DATASET ENTRIES START

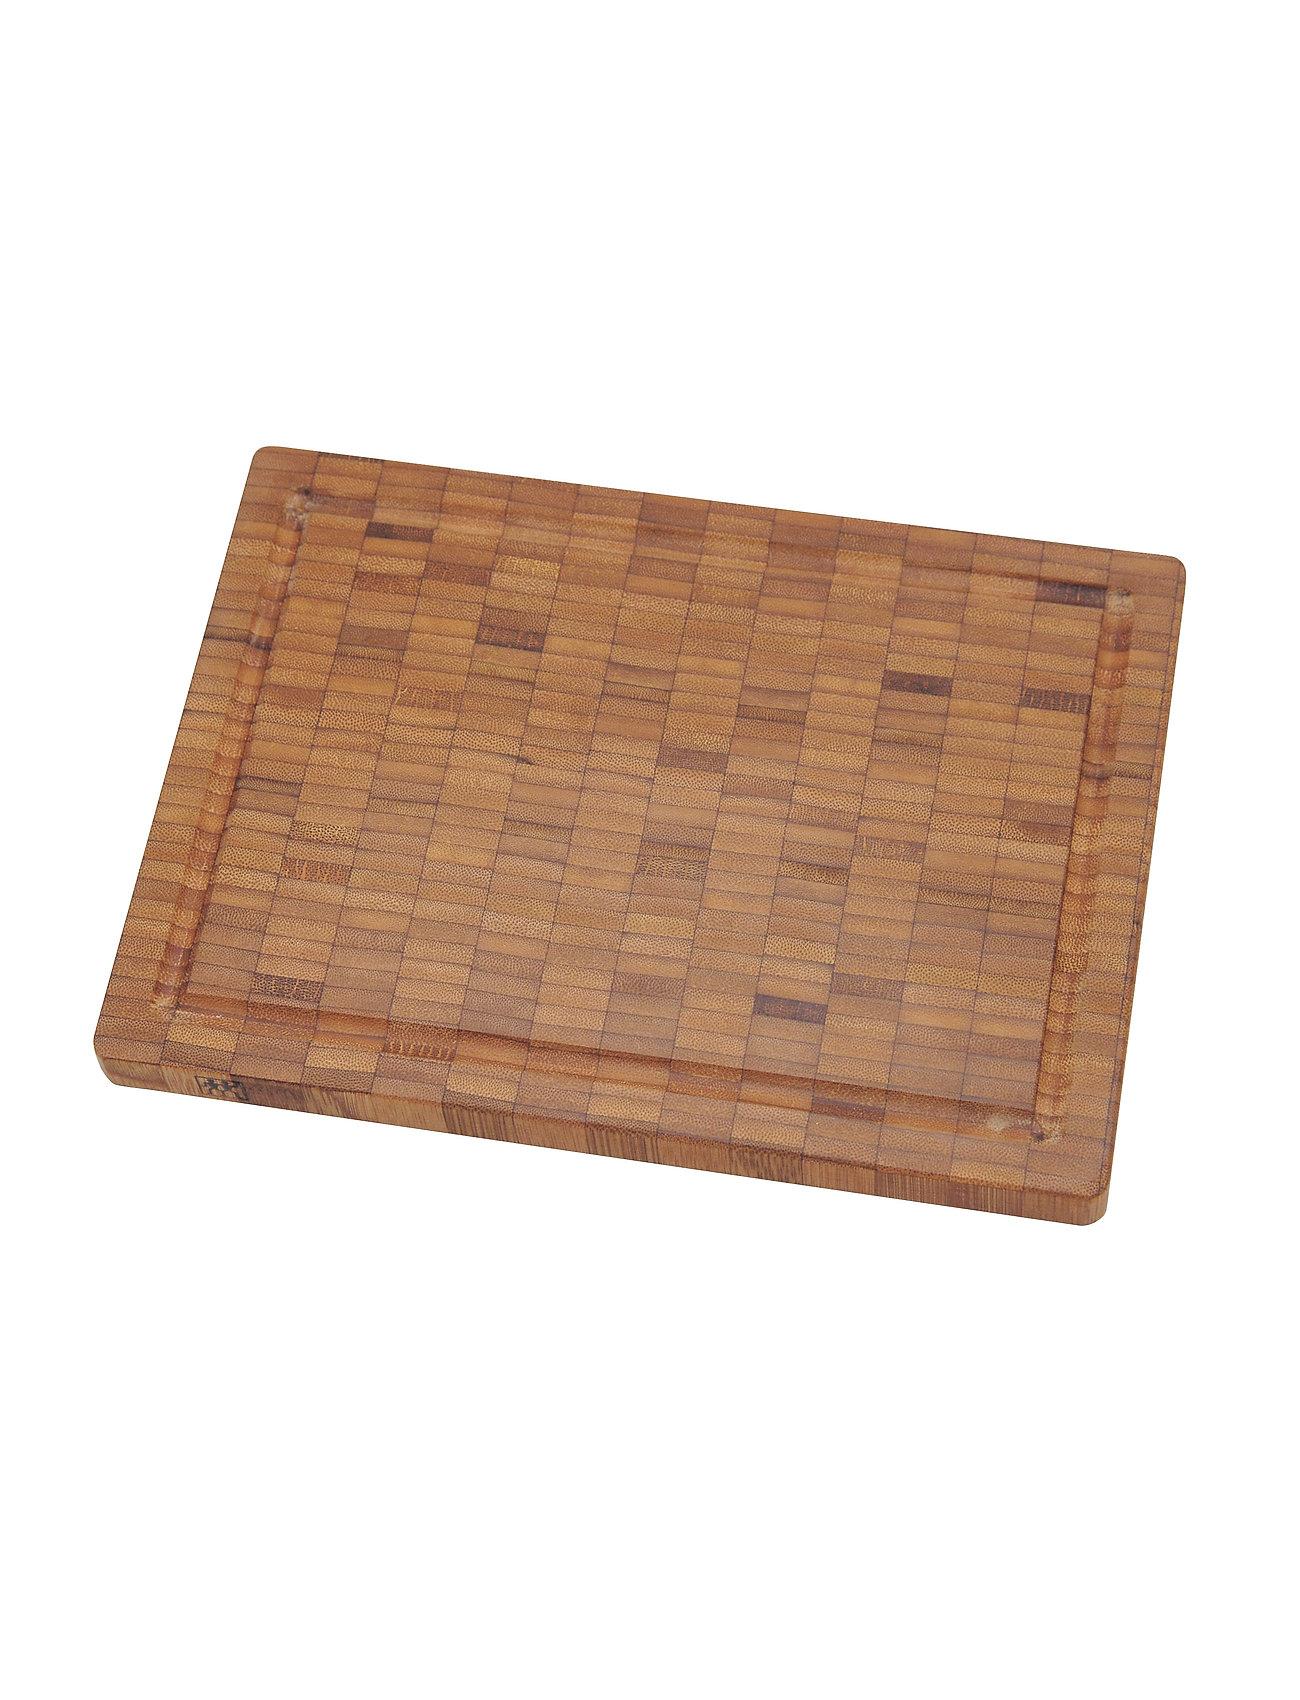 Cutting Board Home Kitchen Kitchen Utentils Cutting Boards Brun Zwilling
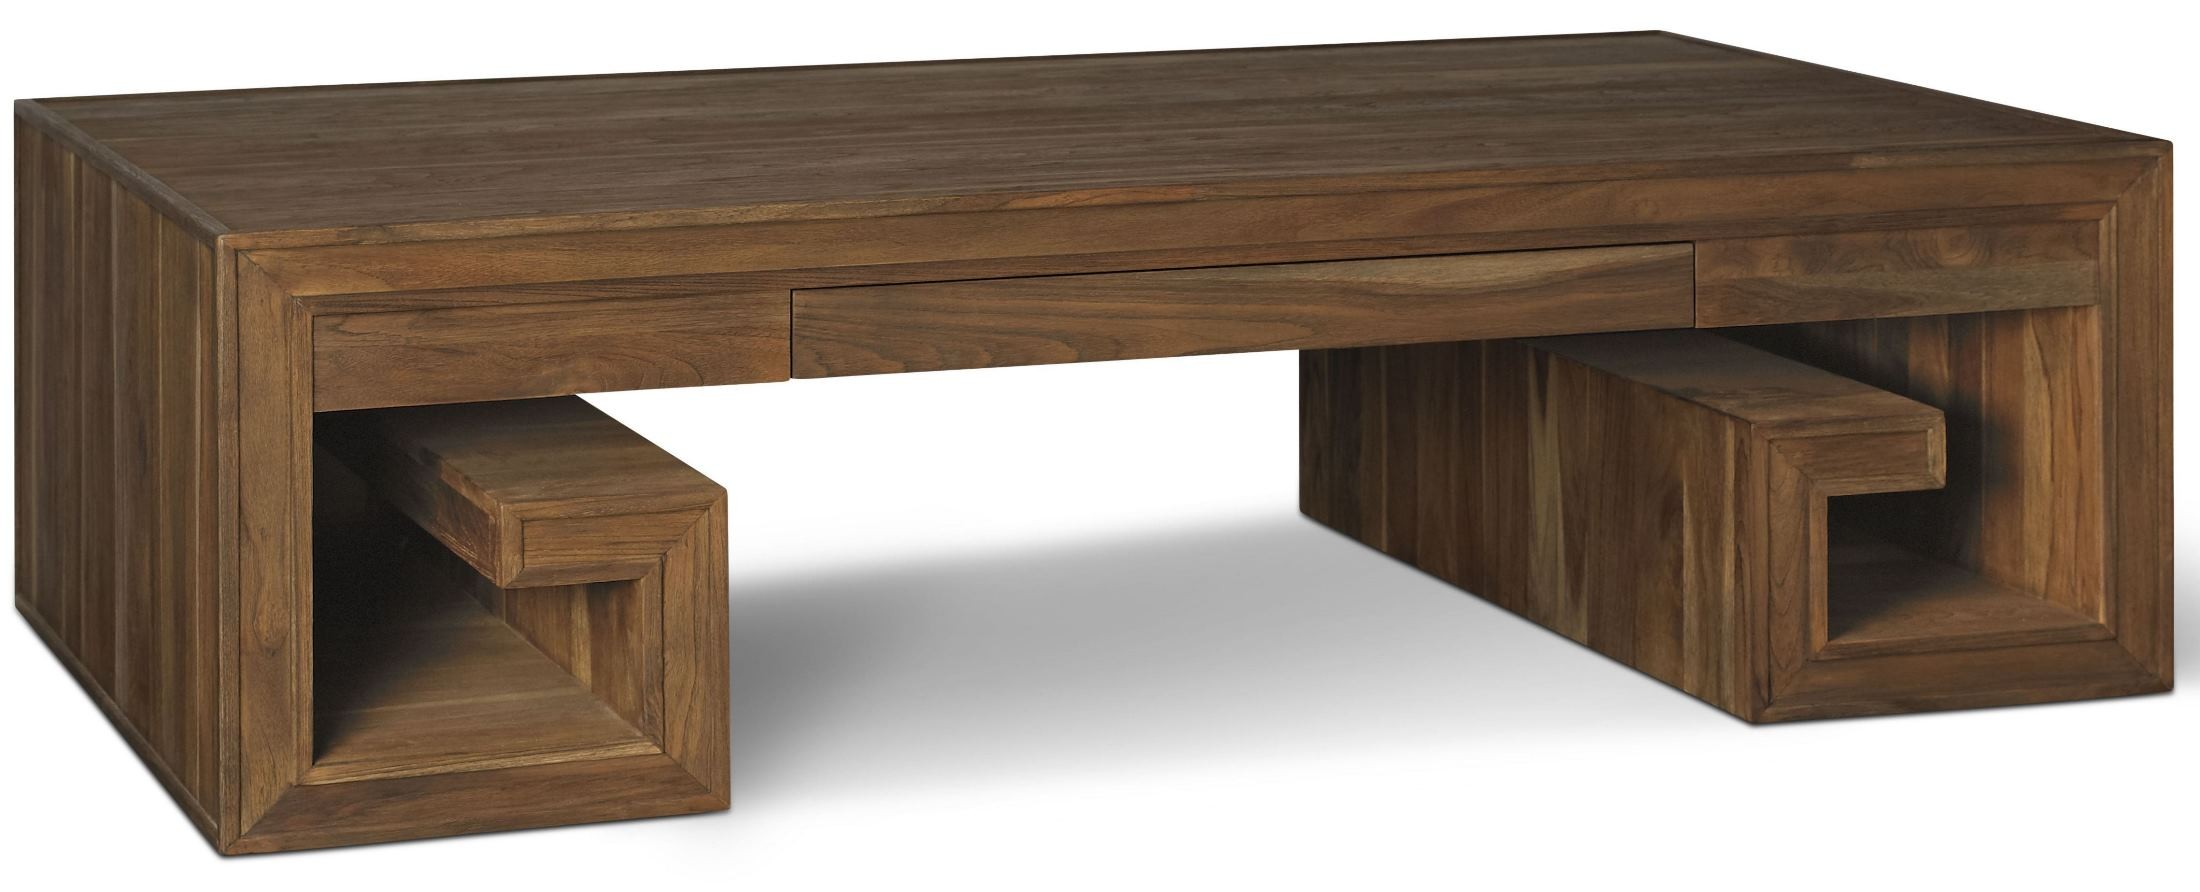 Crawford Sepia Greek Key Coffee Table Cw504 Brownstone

DATASET ENTRIES END
DATASET ENTRIES START

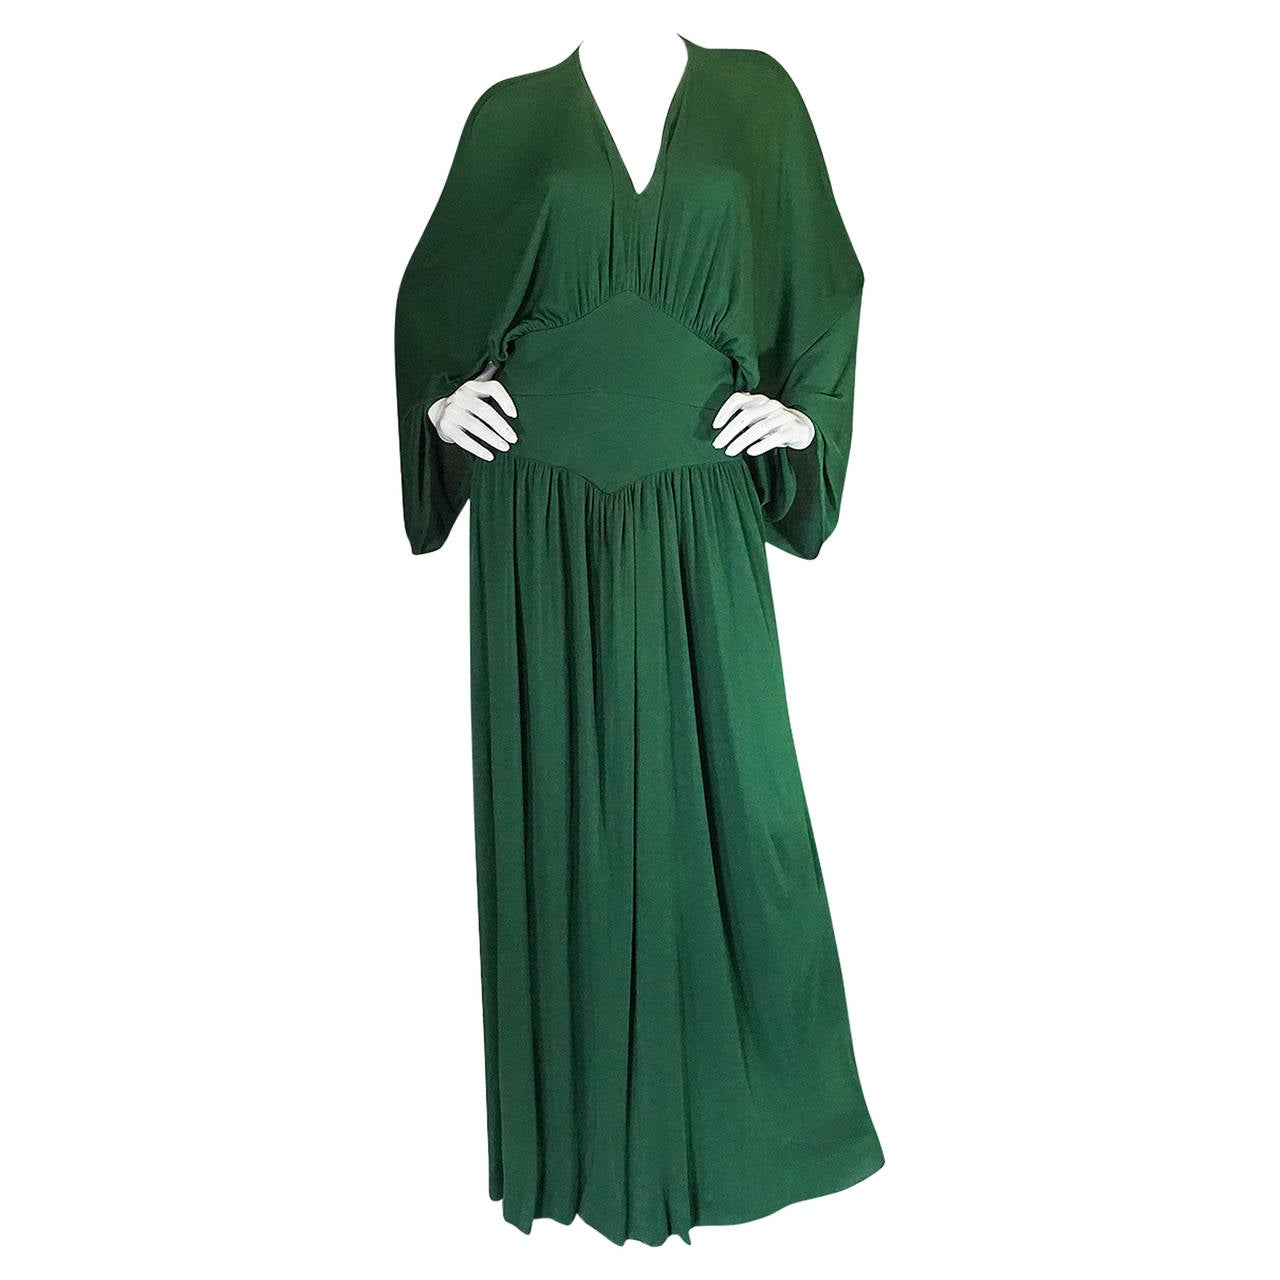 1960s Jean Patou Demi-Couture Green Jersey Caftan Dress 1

DATASET ENTRIES END

» **WHAT YOU HAVE TO DO**: Copy the lines above exactly, starting with the line that contains "Cutting Board Home" and ending with the line that contains "Crawford Sepia Greek", and leave out any pictures.

» **RESPONSE BOX**:
 Cutting Board Home Kitchen Kitchen Utentils Cutting Boards Brun Zwilling
 Crawford Sepia Greek Key Coffee Table Cw504 Brownstone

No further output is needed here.